*About this task*:
In the material below, the required lines run from the one containing "US Army Camo Skull Bedding Set" through the one containing "Shoe Cabinet Design". Copy those lines exactly, ends included, and nothing else.

*Listed records*:

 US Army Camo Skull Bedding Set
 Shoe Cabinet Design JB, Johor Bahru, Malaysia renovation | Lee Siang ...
...
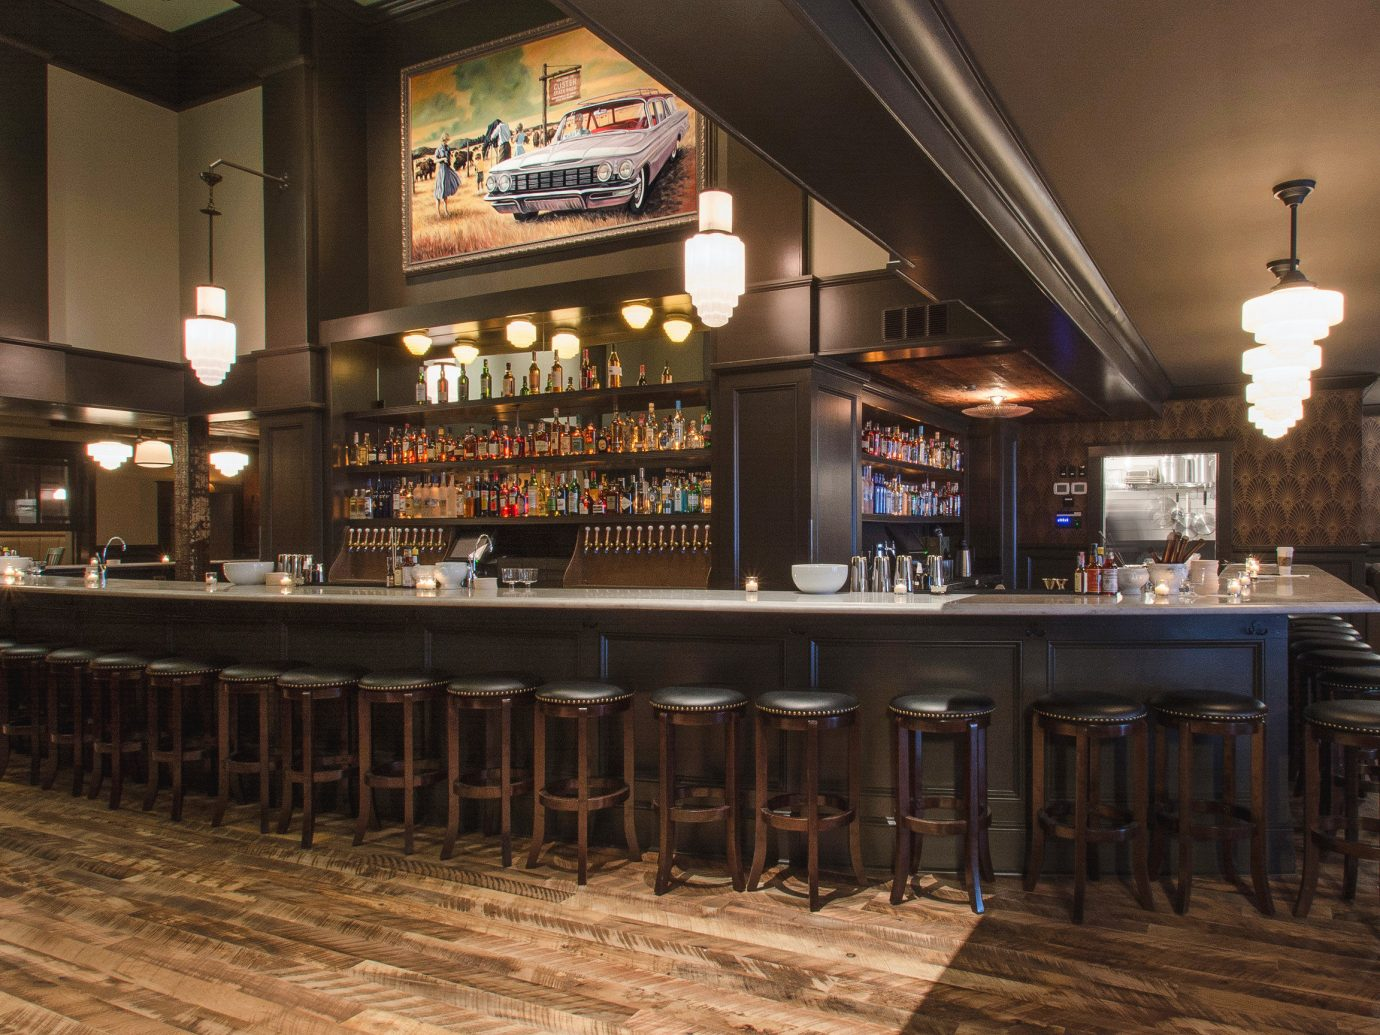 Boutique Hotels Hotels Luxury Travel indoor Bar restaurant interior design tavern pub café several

*Exercise solution*:
 US Army Camo Skull Bedding Set
 Shoe Cabinet Design JB, Johor Bahru, Malaysia renovation | Lee Siang ...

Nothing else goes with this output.